Thursday, January 11, 2007

Everyone is offering their two cents, so here are mine.

I have been following, with great fascination, the debate surrounding "The Ashley Treatment."

Ashley is a beautiful little girl. She is the same age as my son. That is where the similarities end. As explained on her parents' blog, Ashley has static encephalopathy. For reasons unknown, her brain has not developed past the mental age of 3 months. She cannot talk, walk, move purposefully, feed herself, or even hold her head up. She is completely dependent upon her loving parents for every aspect of her care.

Ashley's body, however, has developed. In fact, she started displaying signs of precocious puberty at the age of six. Ashley's mother wondered if puberty could and/or should be accelerated in order to minimize her final height and weight. After careful consideration and extensive vetting with the Bioethics Committee of Seattle Children's Hospital, a course of high-dose estrogen therapy was pursued. Ashley's uterus, appendix, and breast buds were also removed. The reason for this surgery, which makes perfect sense to me, is explained in detail on the parents' blog. Ashley's final height is 4'5", as opposed to the 5'6" that she probably would have attained.

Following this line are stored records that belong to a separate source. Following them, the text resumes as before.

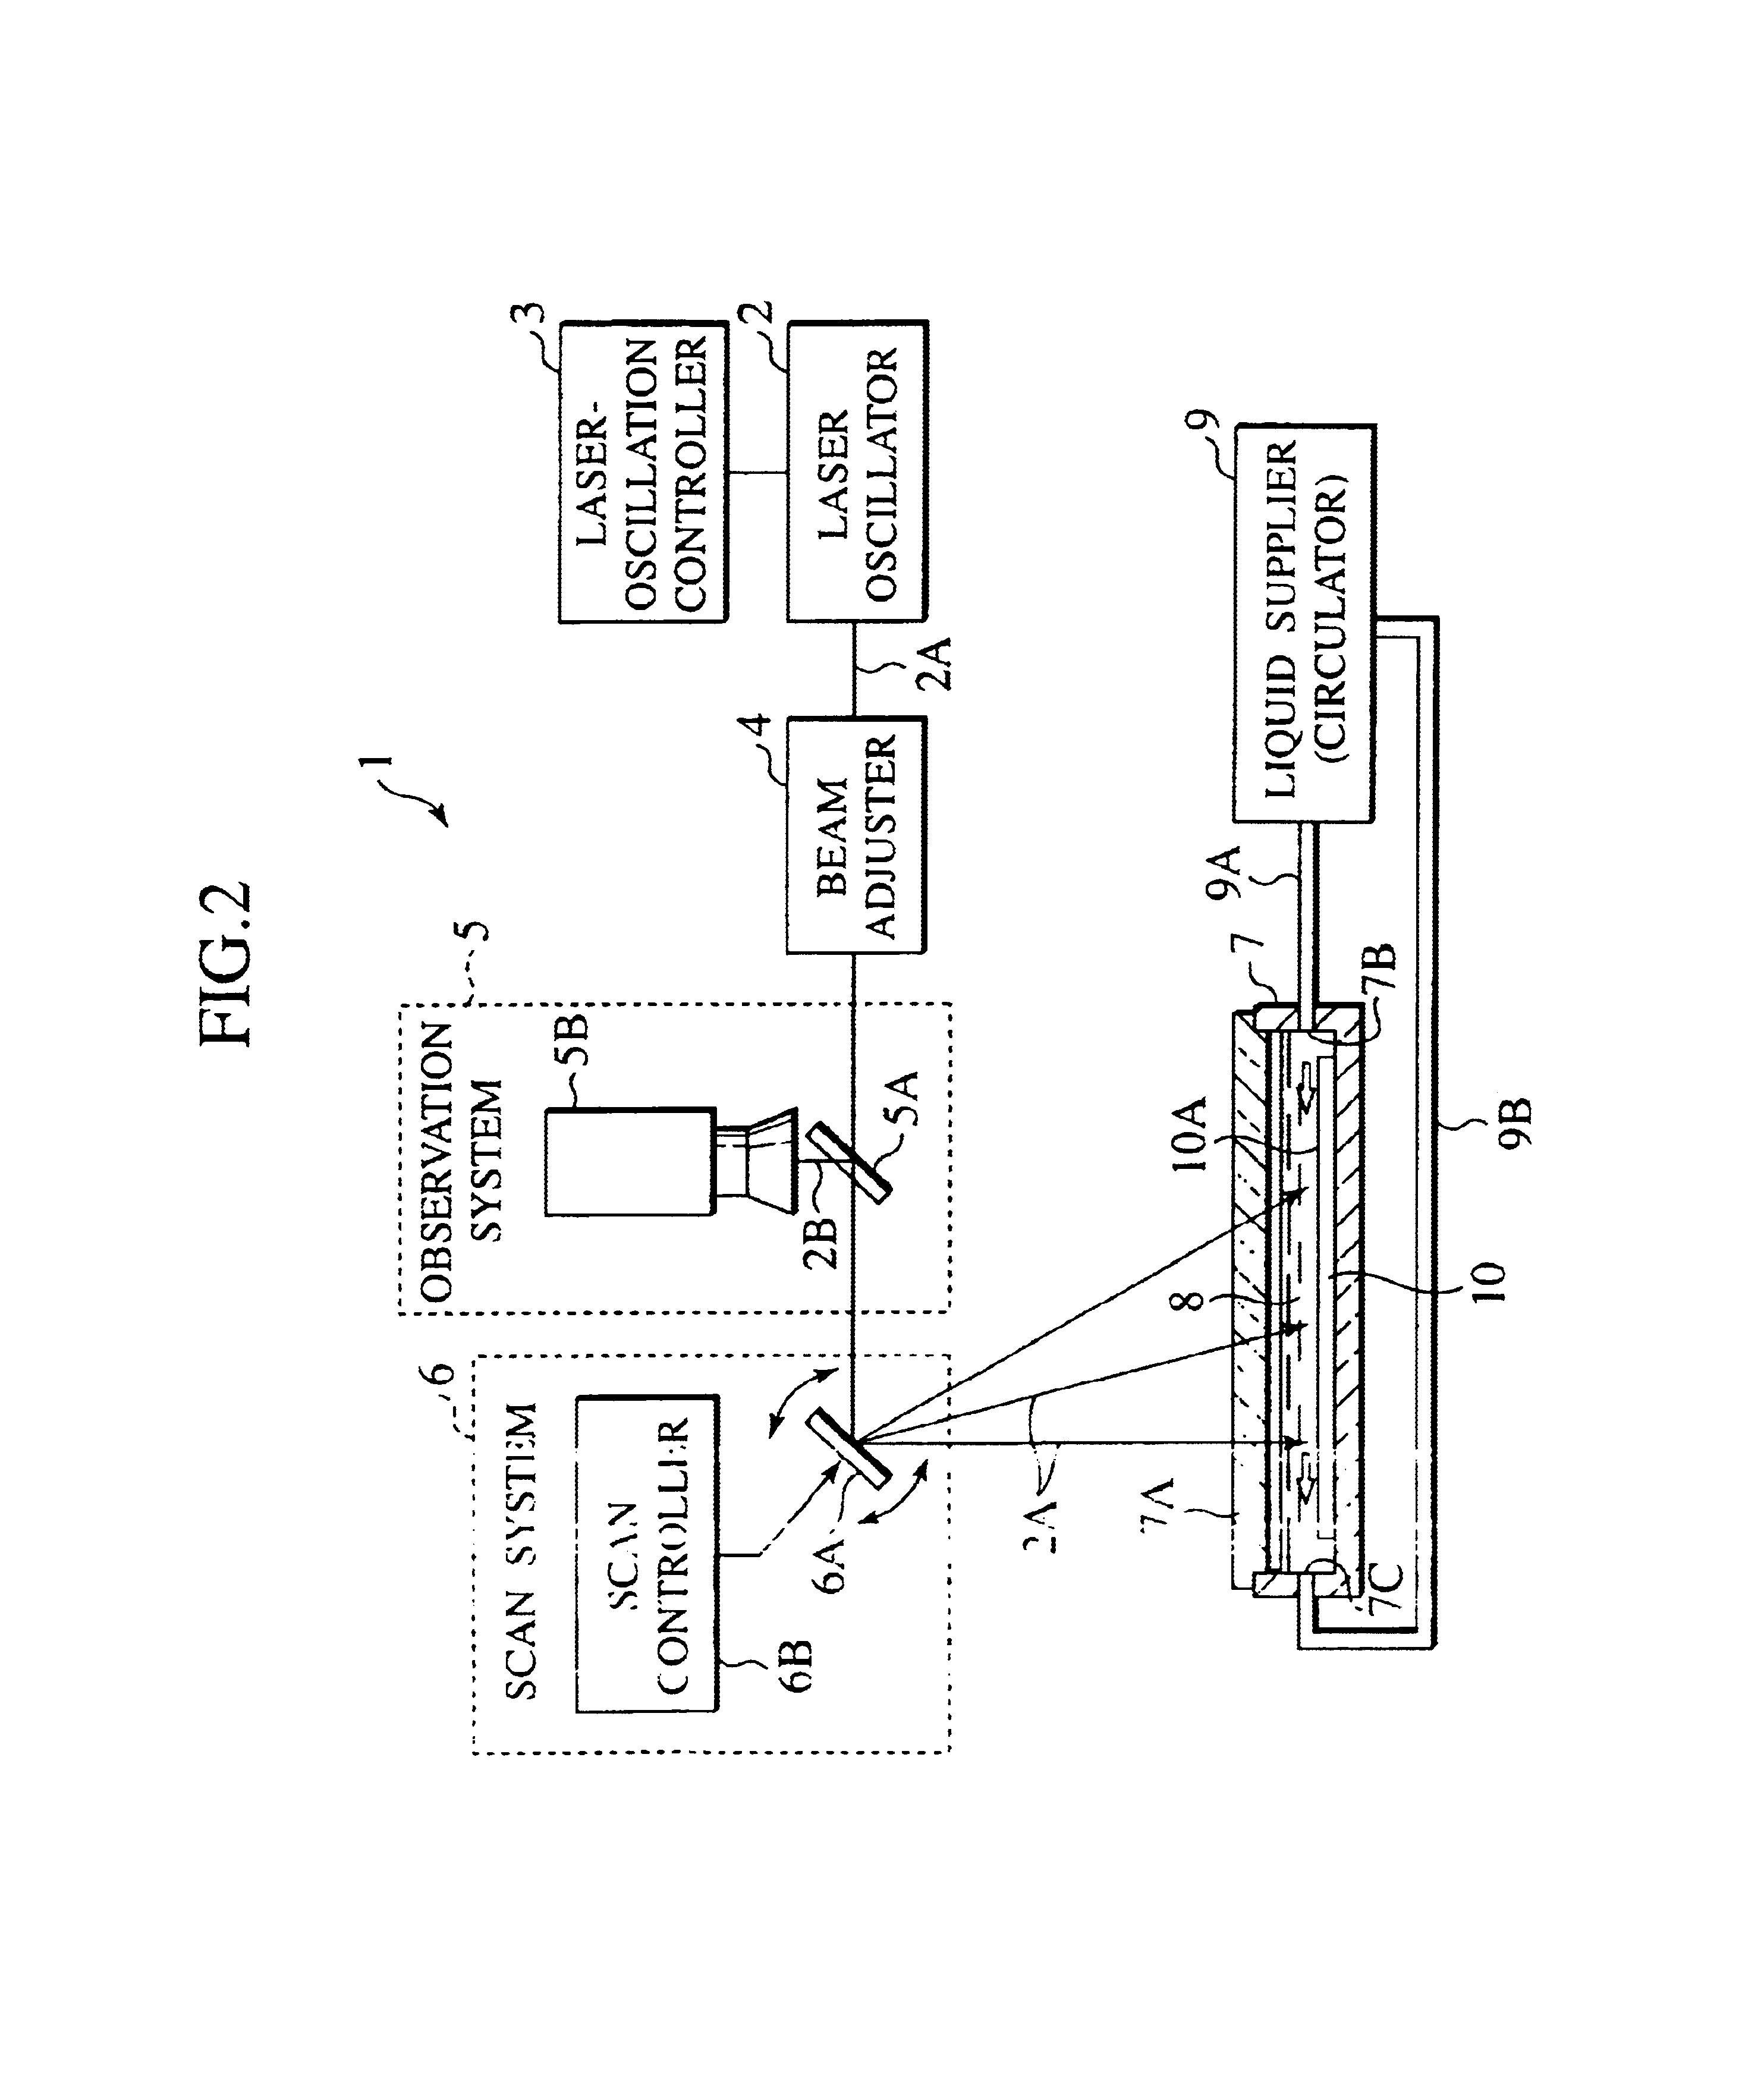 Apparatus and method for laser beam machining, and method for manufacturing semiconductor devices using laser beam machining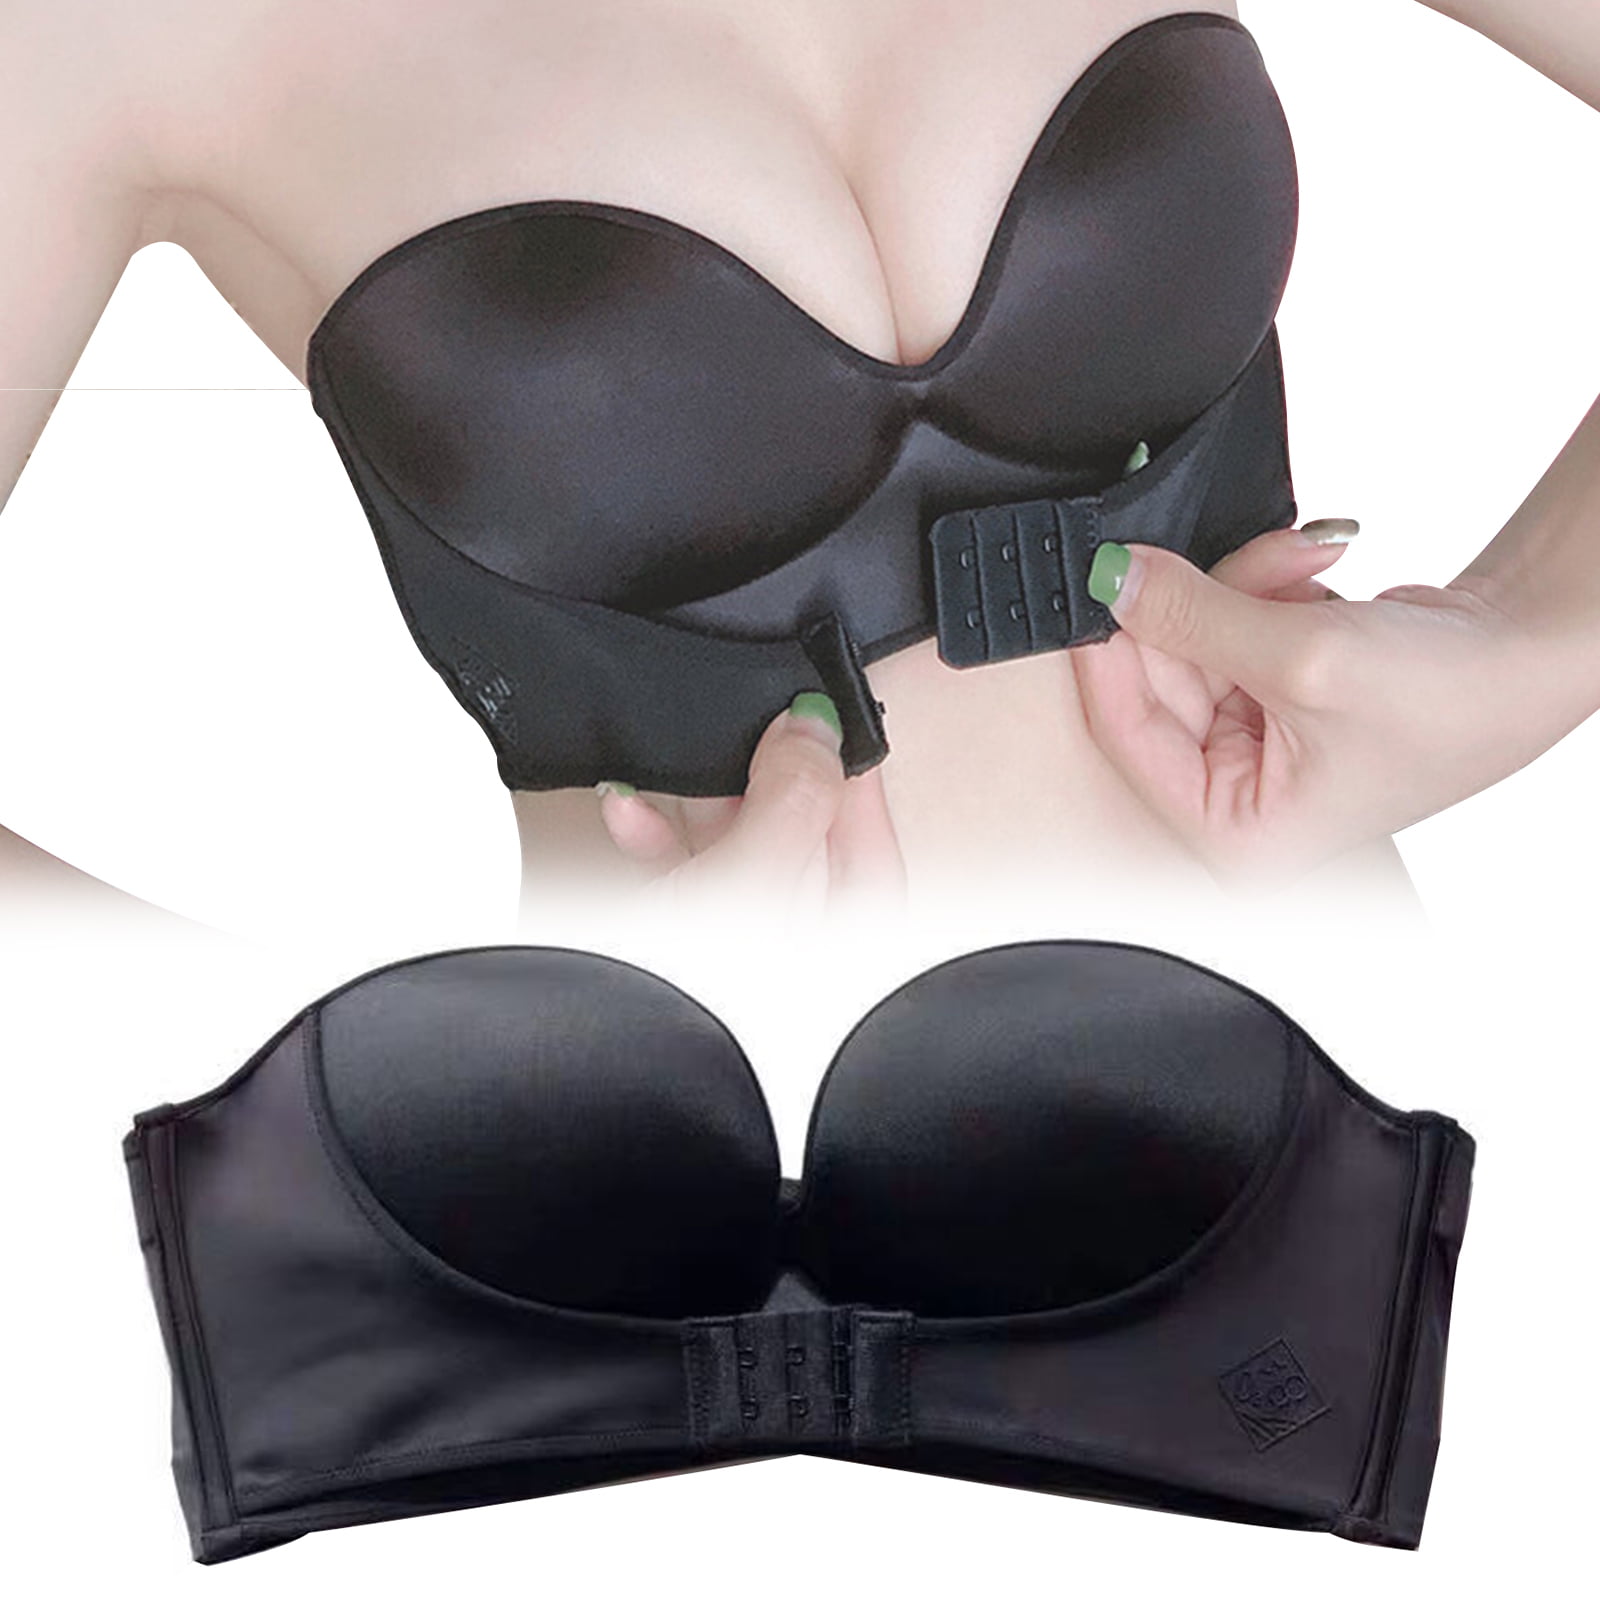 Strapless Front Buckle Lift Bra, Women Invisible Strapless Super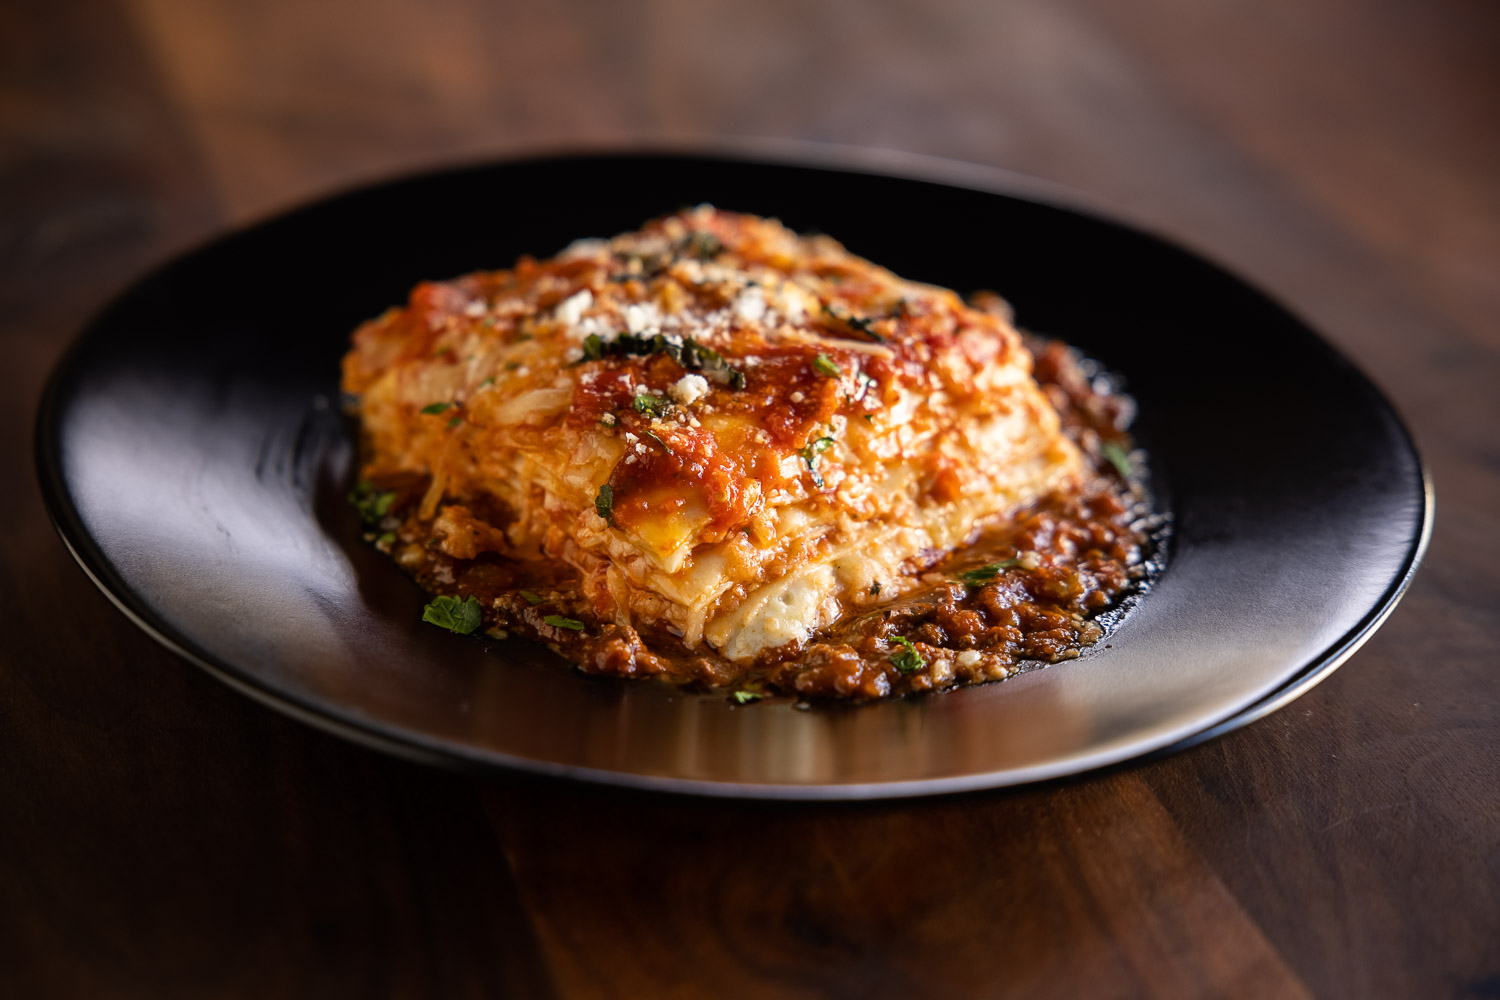 Ten-layer lasagna at Catelli's in Geyserville. (Chris Hardy/for Sonoma Magazine)

After "The Ashley Treatment" was described in medical journals, a media storm erupted. Inevitably, there has been a backlash from many communities, including disability activists and feminists.

What strikes me about the hue and cry emanating from the critics, is that the focus is on Ashley's "stunted growth." Abuse is hurled at Ashley's parents, accusing them of putting their own "convenience" ahead of Ashley's potential and of her "human dignity."

Well, I'm only 6 inches taller than Ashley, and I'm here to tell you that there is nothing wrong with being a person of small stature. There is nothing undignified about being petite. I would go so far as to argue that Ashley's dignity will be preserved, because this "growth attenuation treatment" will enable Ashley to remain in her home, with a family who clearly loves and cherishes her.

Ashley's parents are clearly intelligent, loving people, who embarked upon this course of action with their child's best interests in mind. They are to be commended, not cursed. And the rest of us should thank our maker that we have not walked in their shoes.

2 comments:

Anonymous said...

To begin with, I would note that I am a Licensed Social Worker, now retired.
I spent over 30 years working with parents of children with developmental disabilaties, as well as with the children. As far as I am able to determine, these parents have given great thought to their daughter's future and are to be commemded, not reviled. They have done a wise and wonderful thing.

Anonymous said...

The CNN story bothered me because it used a boy who may be disabled, but is not in the condition of Ashley. If he can blog, that's more than it appears this girl can do.

Even if it were for the parent's convenience, if a child can do no more than smile and this makes it easier to get that child to smile, good. What dignity is lost? Was she going to be a mother some day? No. Good post Rose.

As far as I can tell, the parents acted in good faith, and it seems the ethicists were of the same opinion. I guess people would feel better if the parents just gave up and put the kid in a home for other people to deal with.